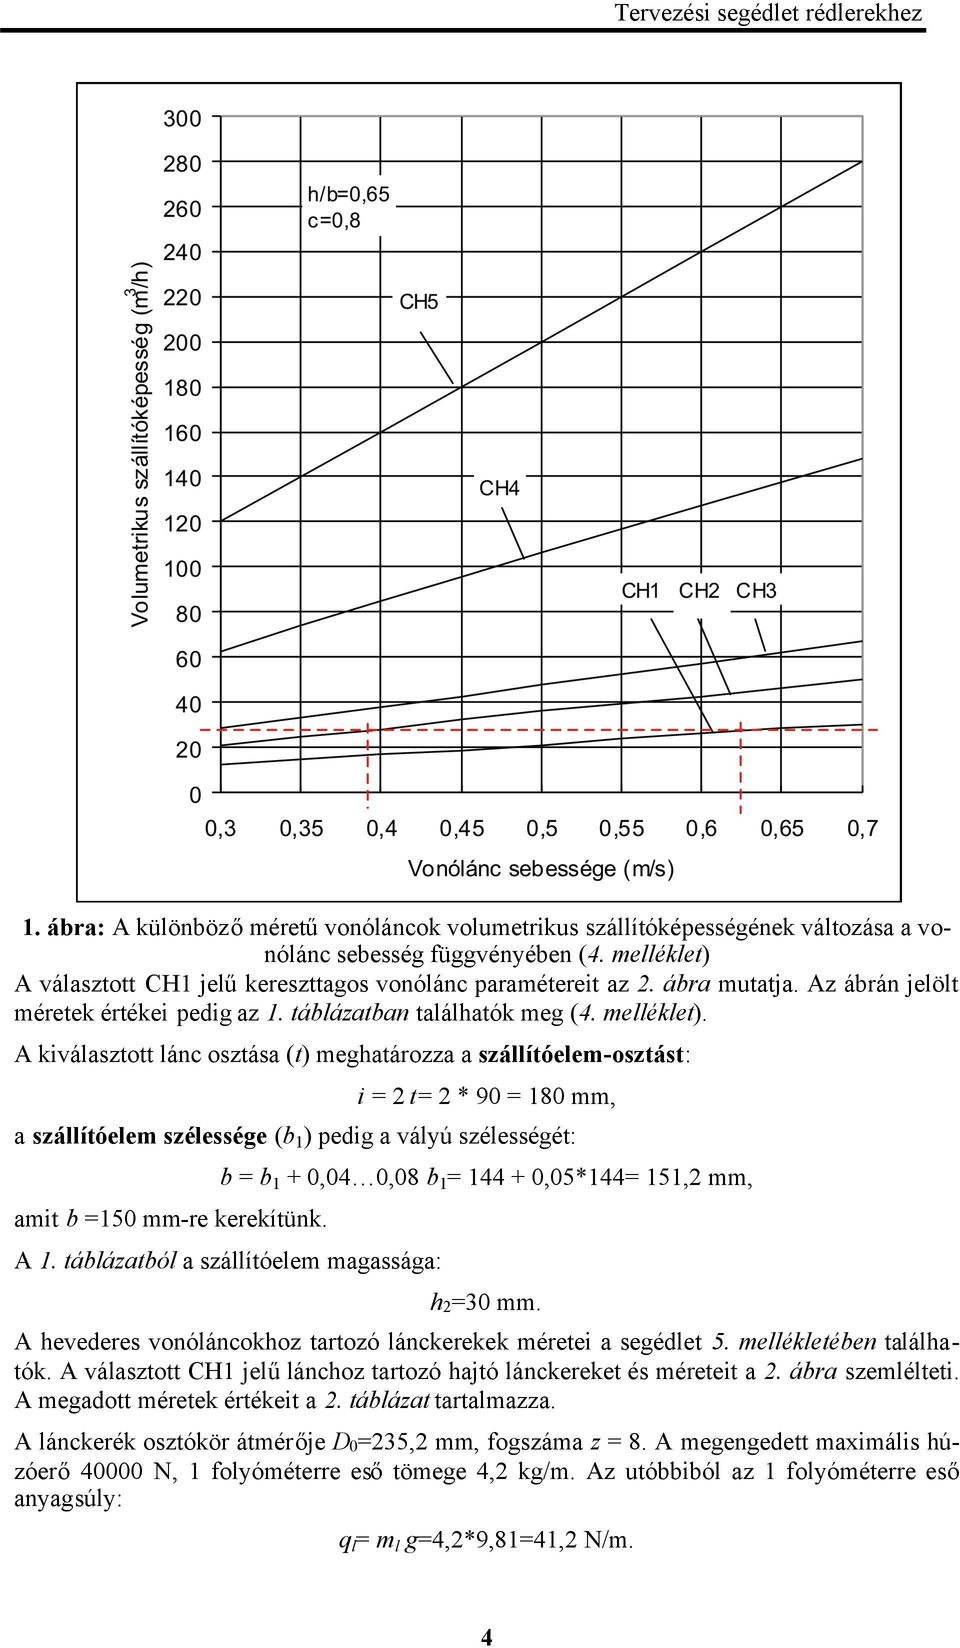 A kiválasztott lánc osztása (t) meghatározza a szállítóelem-osztást: i = t= * 90 = 0 mm, a szállítóelem szélessége (b ) pedig a vályú szélességét: amit b =50 mm-re kerekítünk.
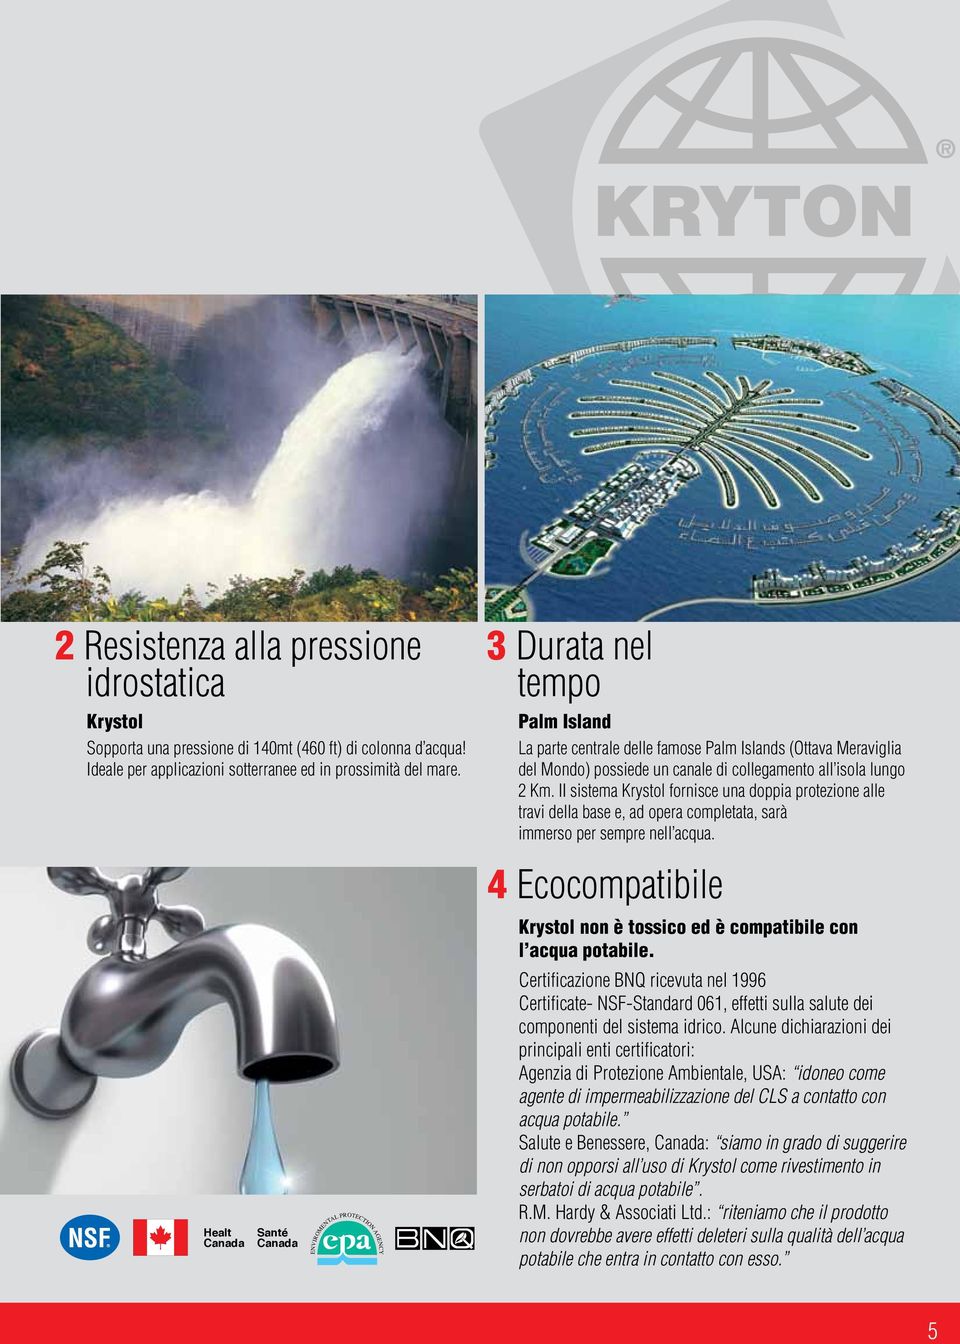 II sistema Krystol fornisce una doppia protezione alle travi della base e, ad opera completata, sarà immerso per sempre nell acqua.
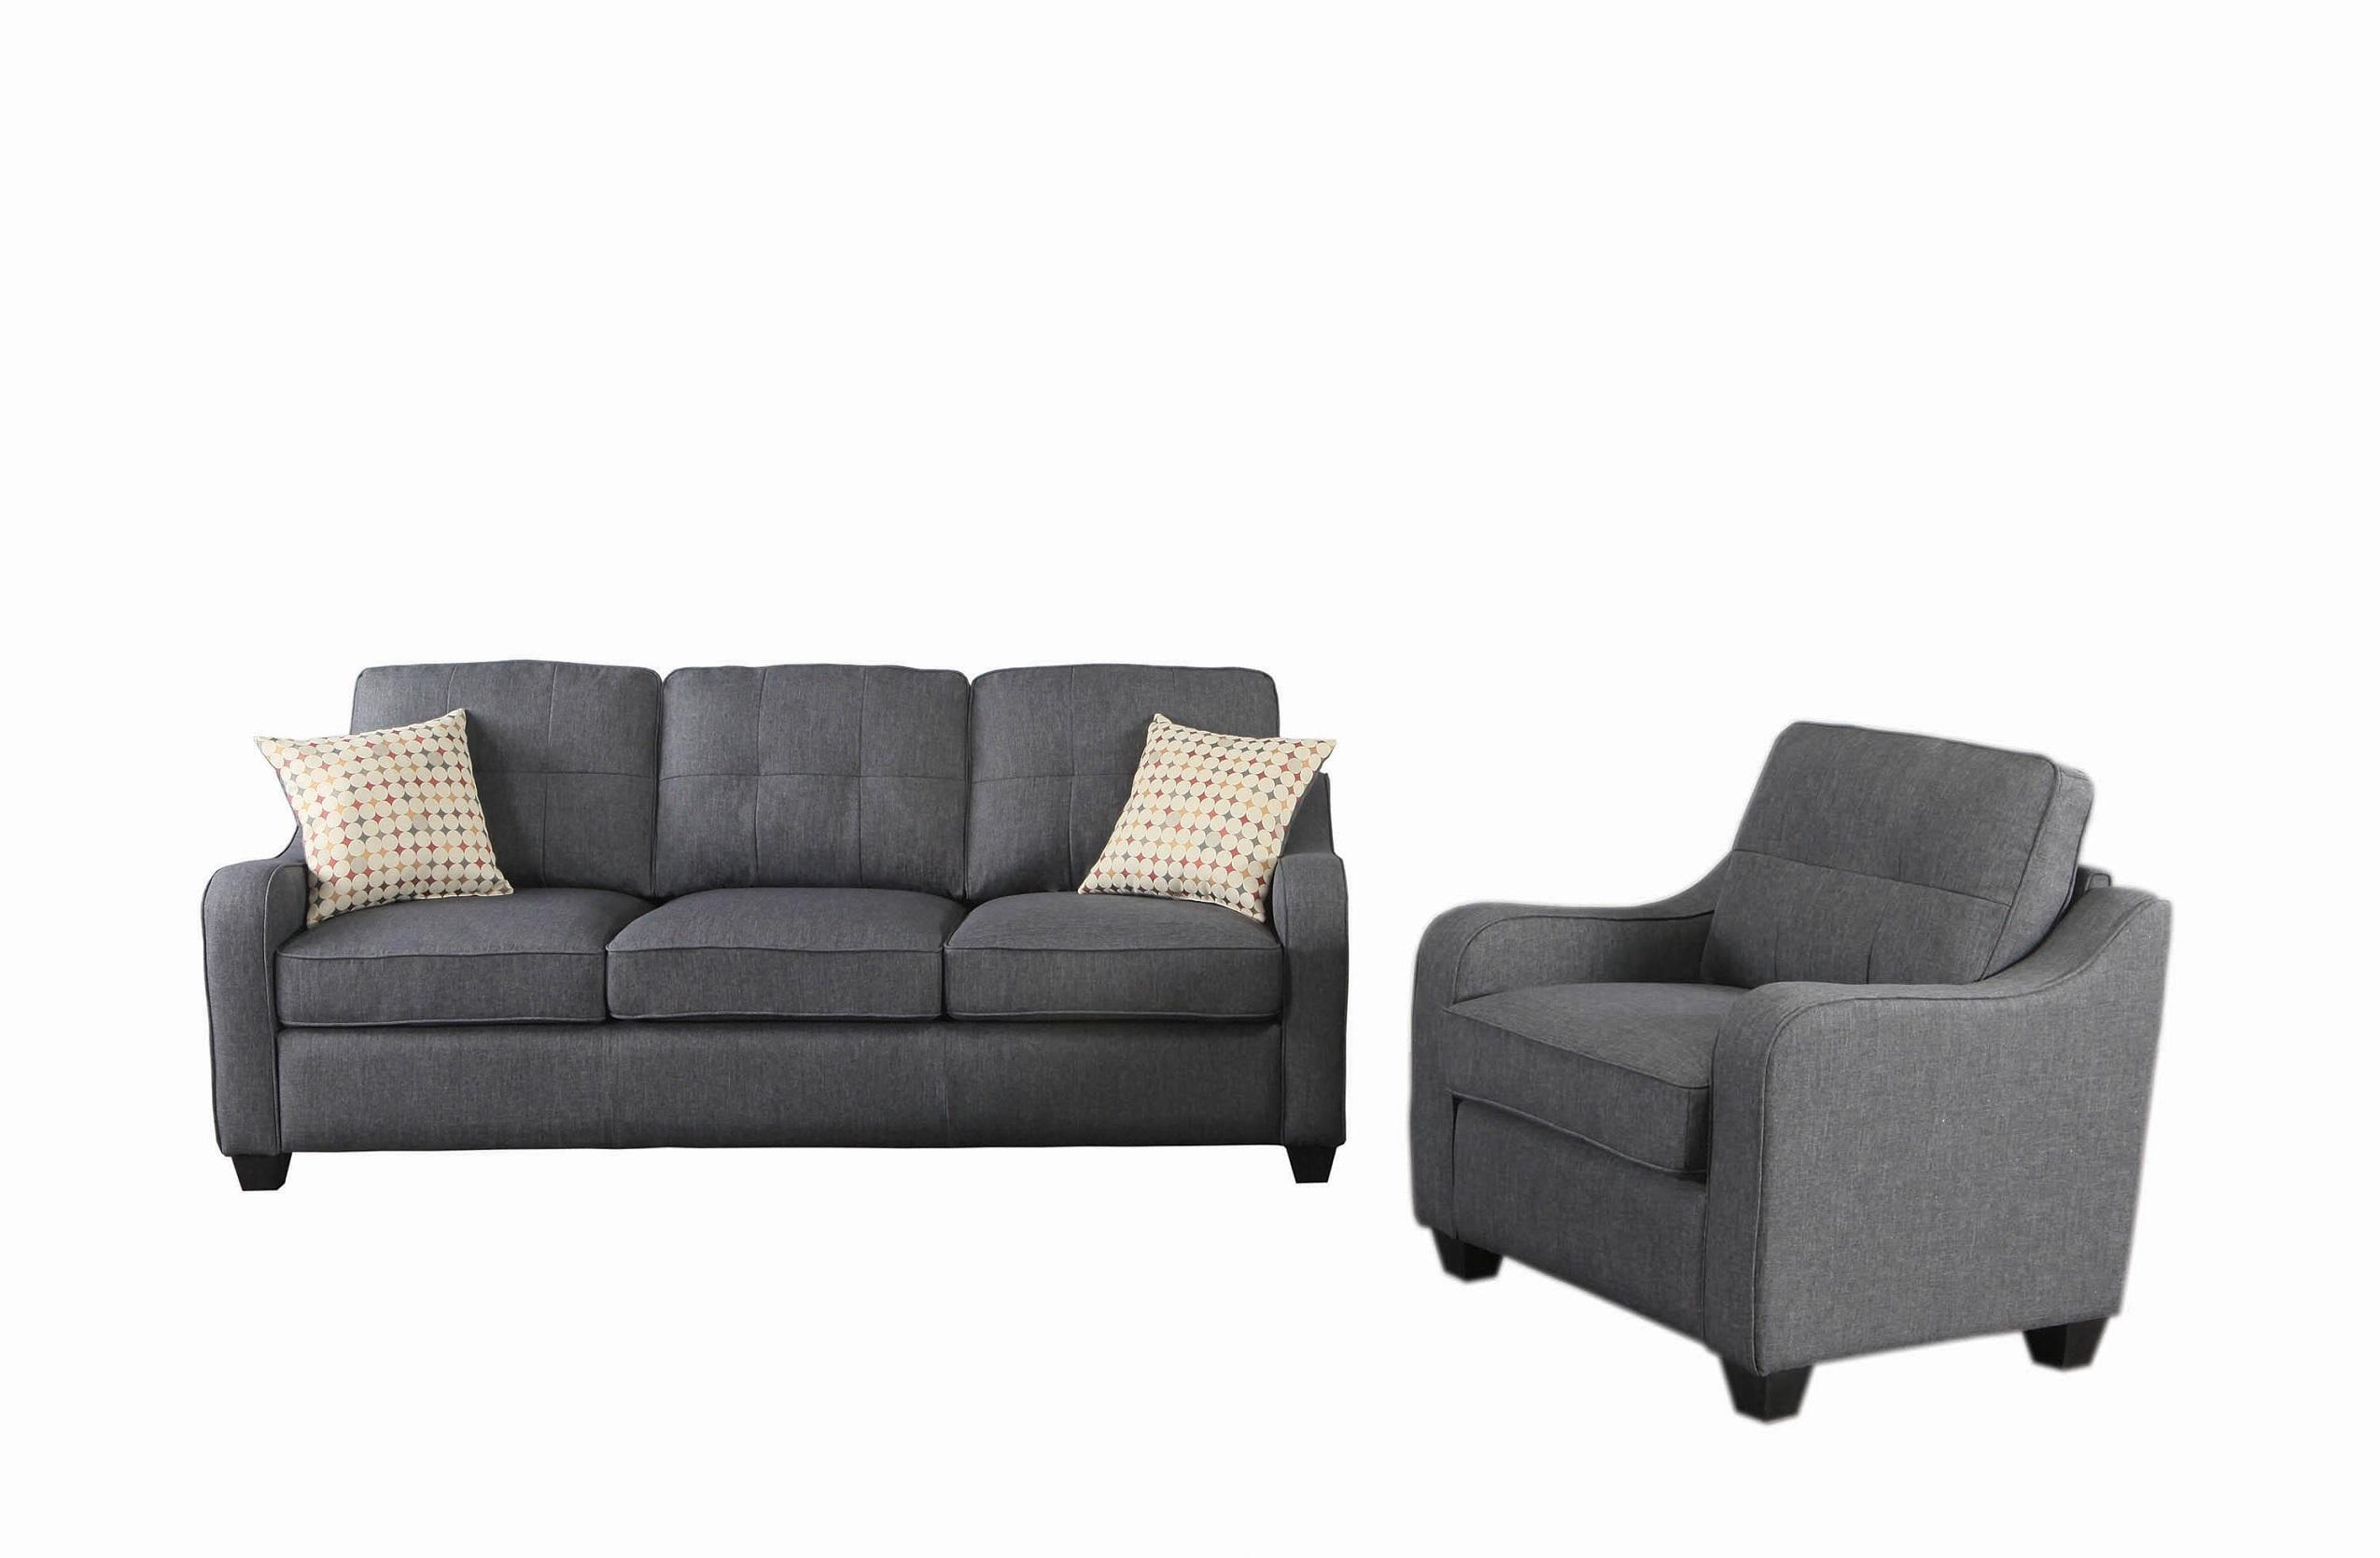 Modern Living Room Set 508321-2S Nicolette 508321-2S in Dark Gray

YOUR GOAL:
Starting at the line that contains "II sistema Krystol", write out exactly each line through the last one in the listing above, leaving out the pictures and adding nothing else.

SOLUTION TO THIS EXERCISE:
 II sistema Krystol fornisce una doppia protezione alle travi della base e, ad opera completata, sarà immerso per sempre nell acqua.
 Modern Living Room Set 508321-2S Nicolette 508321-2S in Dark Gray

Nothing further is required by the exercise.